BOOM! Same message I've been preaching. My counterpoint to Dan Geer gave a summary of examples with links to more specific details.
"We've had little to nothing like this for software engineering, which has led to great advancements in short times, but I think we are nearing the point (if we haven't already passed it) when our past decisions to prioritize efficiency and performance over safety are resulting in a poorer relative outcome than if we have made different choices in the past."
Total agreement again. It's time we change it. We did have results with Walker's Computer Security Initiative and are getting them through DO-178B. Clear standards with CompSci- and industry-proven practices plus financial incentives led to many products on the market. The Bell paper below describes the start, middle, and end of that process. Short version: NSA killed market by competing with it and forcing unnecessary re-certifications.
Anyway, I've worked on the problem a bit. One thing is a modern list of techniques that work and could be in a certification. Below, I have a list I produced during an argument about no real engineering or empirical methods in software. Most were in the Orange Book but each were proven in real-world scenarios. Some combo of them would be a nice baseline. Far as evaluation itself, I wrote up an essay on that based on my private experience and problems with government certifications. I think I have solid proposals that industry would resist only because they work. :) The DO-178B/C success makes me think it could happen, though, because they already do it piece by piece with a whole ecosystem formed aroud re-usable components.
Of course, I'd be interested in your thoughts on the empiracle stuff and security evaluations for further improvement. For fun, you might try to apply my security framework or empirical methods to your own systems to see what you find.
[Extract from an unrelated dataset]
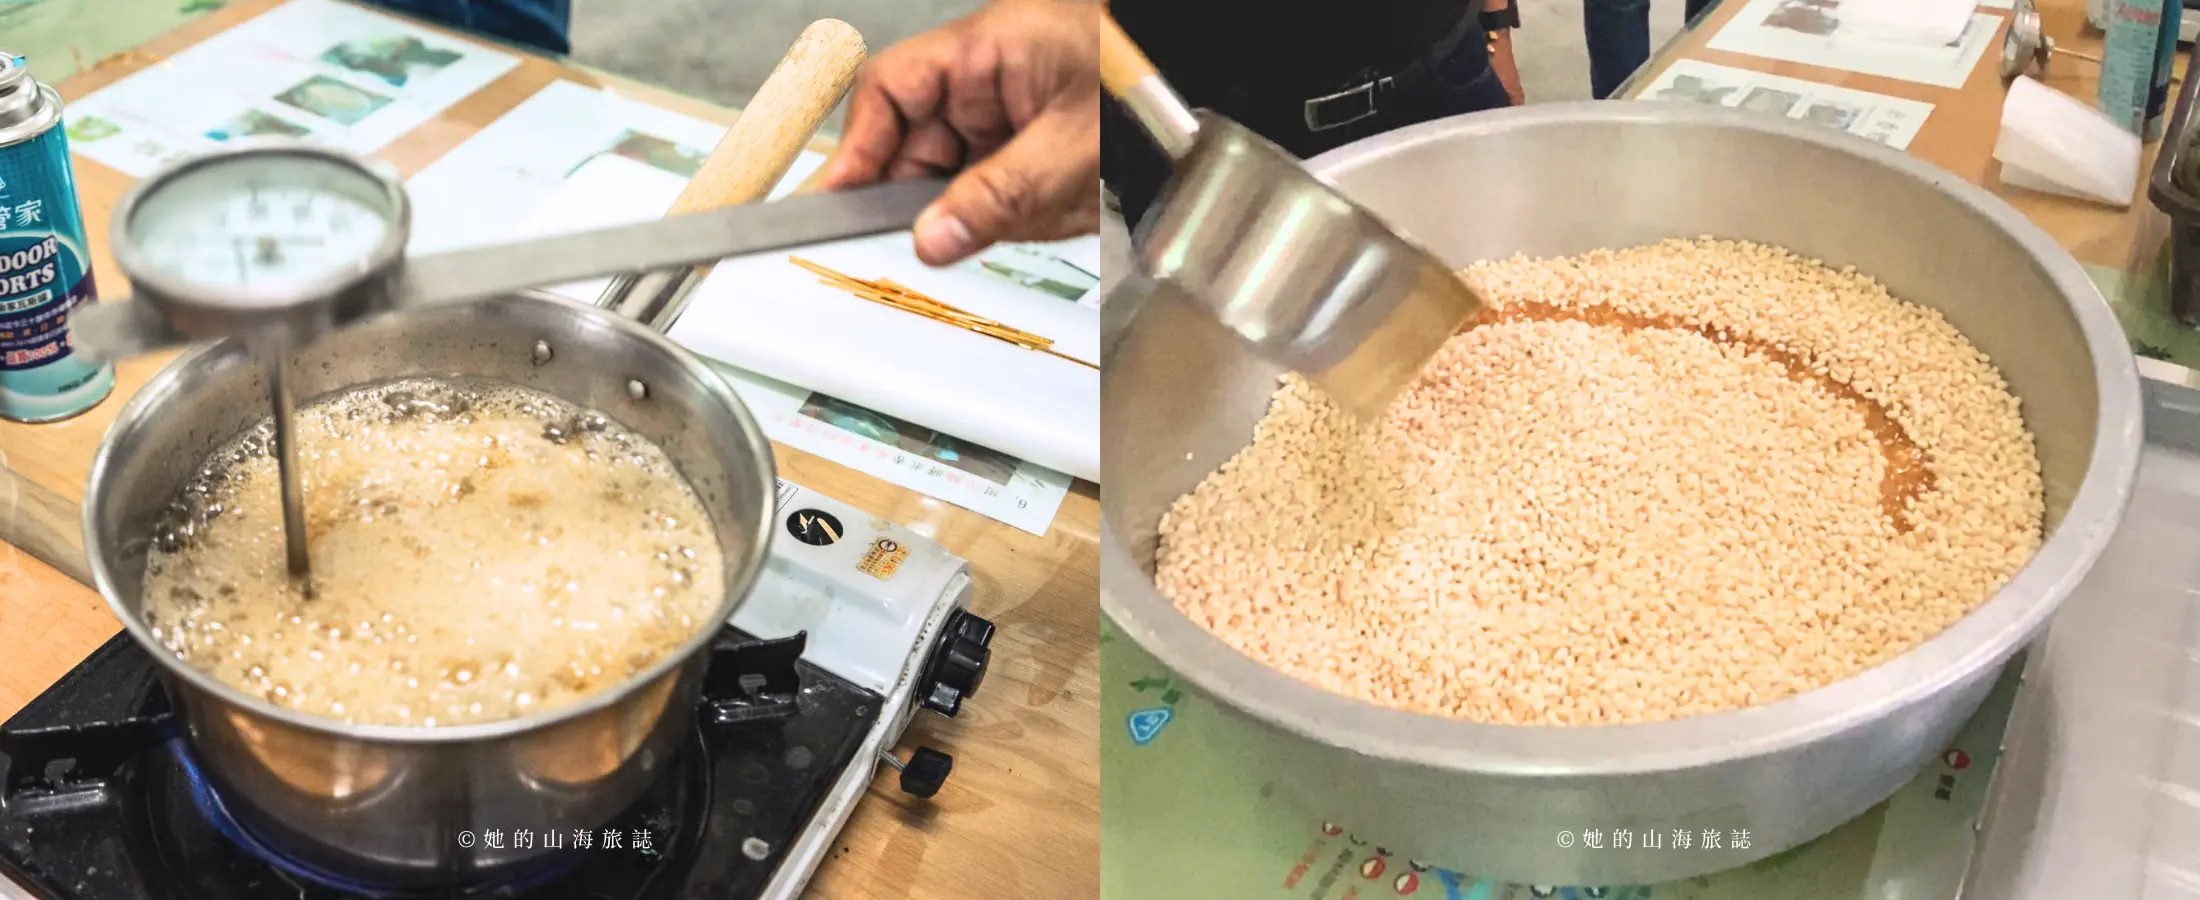 (左) 製作糖漿 (右) 將煮好的糖漿與米香拌勻
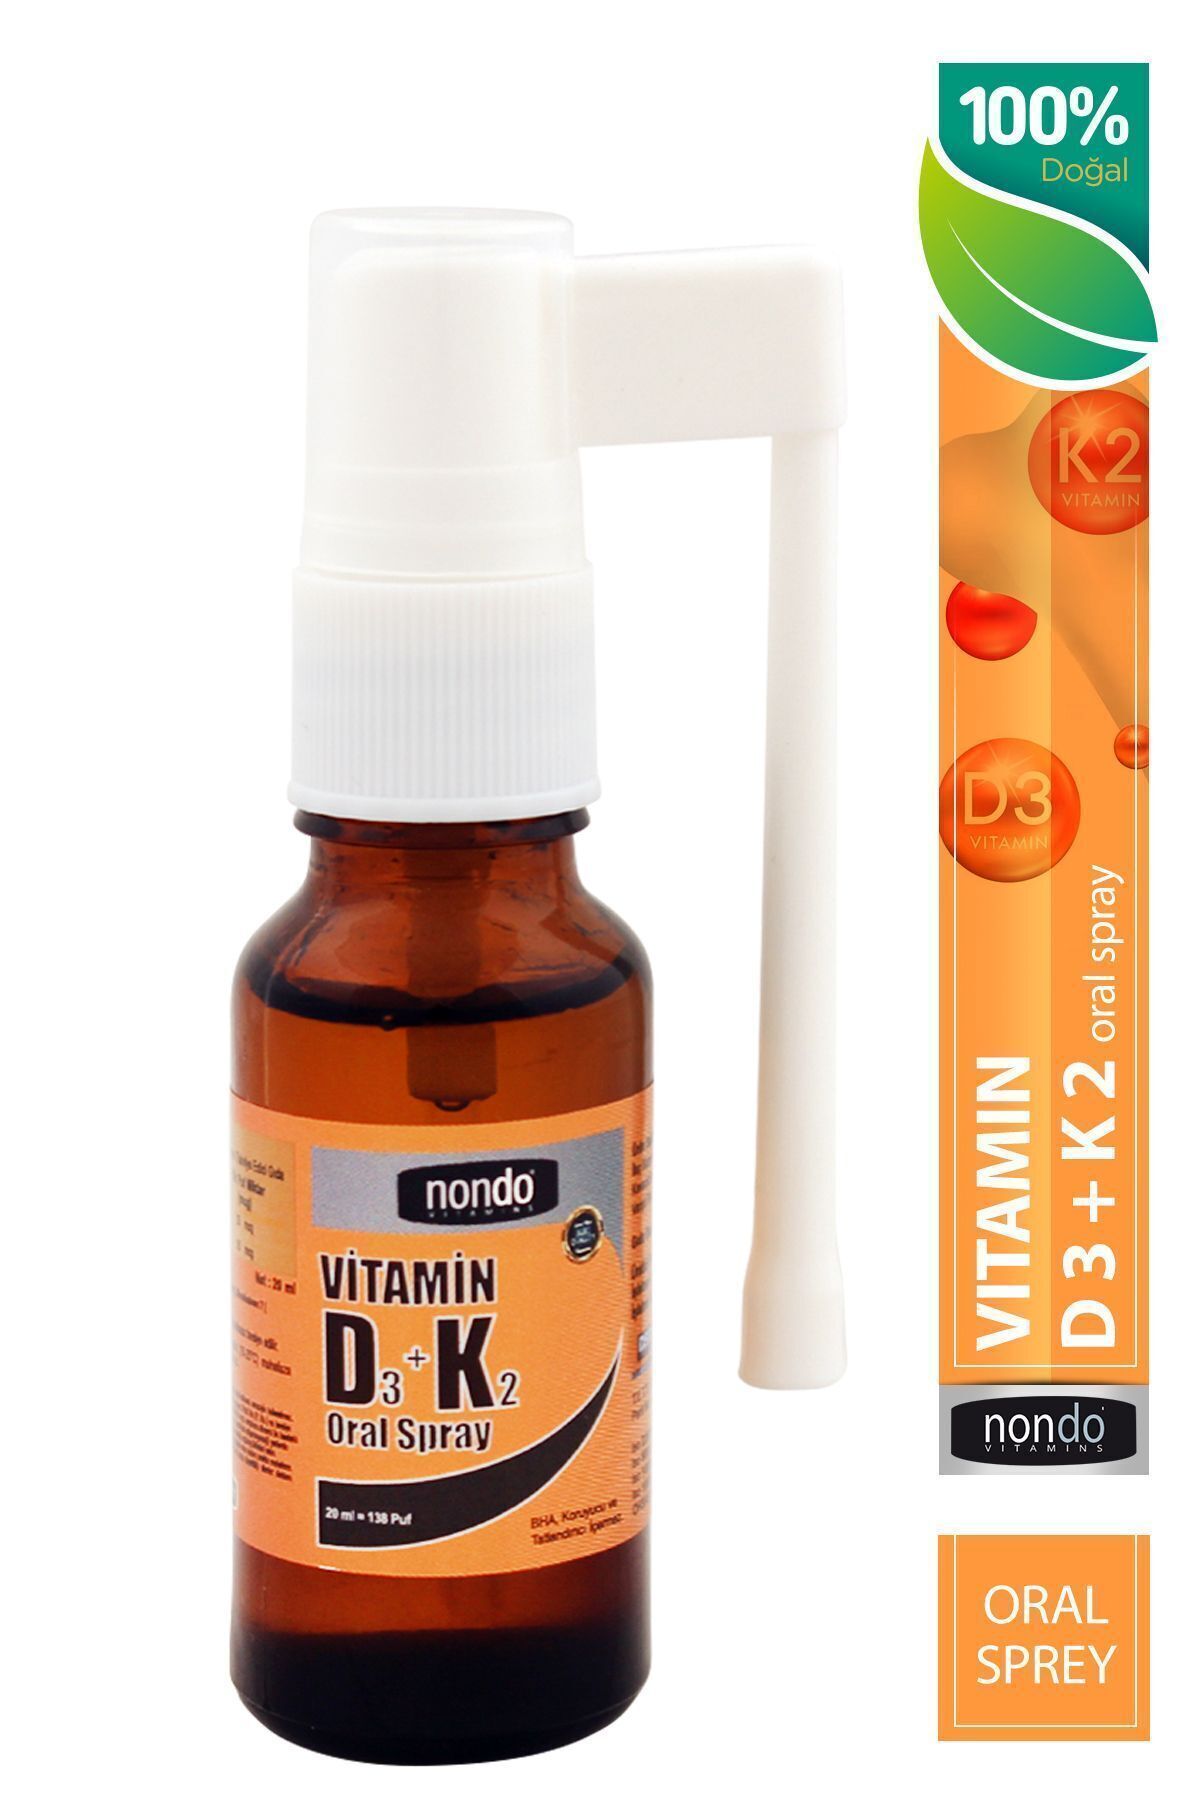 Nondo Vitamins D3k2 Vitamini Oral Sprey 20 ml 138 Puf

Only for the brave, though. ;)
> Of course, I'd be interested in your thoughts on the empiracle stuff and security evaluations for further improvement. For fun, you might try to apply my security framework or empirical methods to your own systems to see what you find. Only for the brave, though. ;)
If only I worked in an environment where that was feasible. I write Perl for a very small off-market investment firm (event ticket brokerage) as the only software engineer. My work time is split between implementing UI changes to our internal webapp (which we are thankfully going to be subbing out), reporting and alerting tools for the data we collect, manipulating and maintaining the schema as data sources are added, remove or change and maintaining the tools and system that streams the data into the model. While getting to a more secure state would be wonderful, I'm still working to reduce the number of outright blatant bugs I push into production every day due to the speed at which we need to iterate. :/
> Counter point to Dan Geer: Hardware architecture is the problem
This is interesting, and aligns quite well with the current discussion. We live with the trade-offs of the past, which while they may have made sense in the short term, are slowly strangling us now.
> Bell Looking Back
An interesting paper on the problems of security system development and how market changes have helped and hampered over time. I admit I skimmed portions of it, and much of the later appendix sections, as my time is limited. The interesting take-away I got from it is that our government security standards and certification are woefully inadequately provided for, where they aren't outright ignored (both at a software level and at an organizational policy level). I now feel both more and less secure, since I wasn't aware of the specifics of government security certification, so seeing that there are many and are somewhat well defined encourages me to believe the problem at least received rigorous attention. Unfortunately it looks like it's a morass of substandard delivery and deployment, so there that. :/ It is a decade old though, so perhaps there have been positive developments since?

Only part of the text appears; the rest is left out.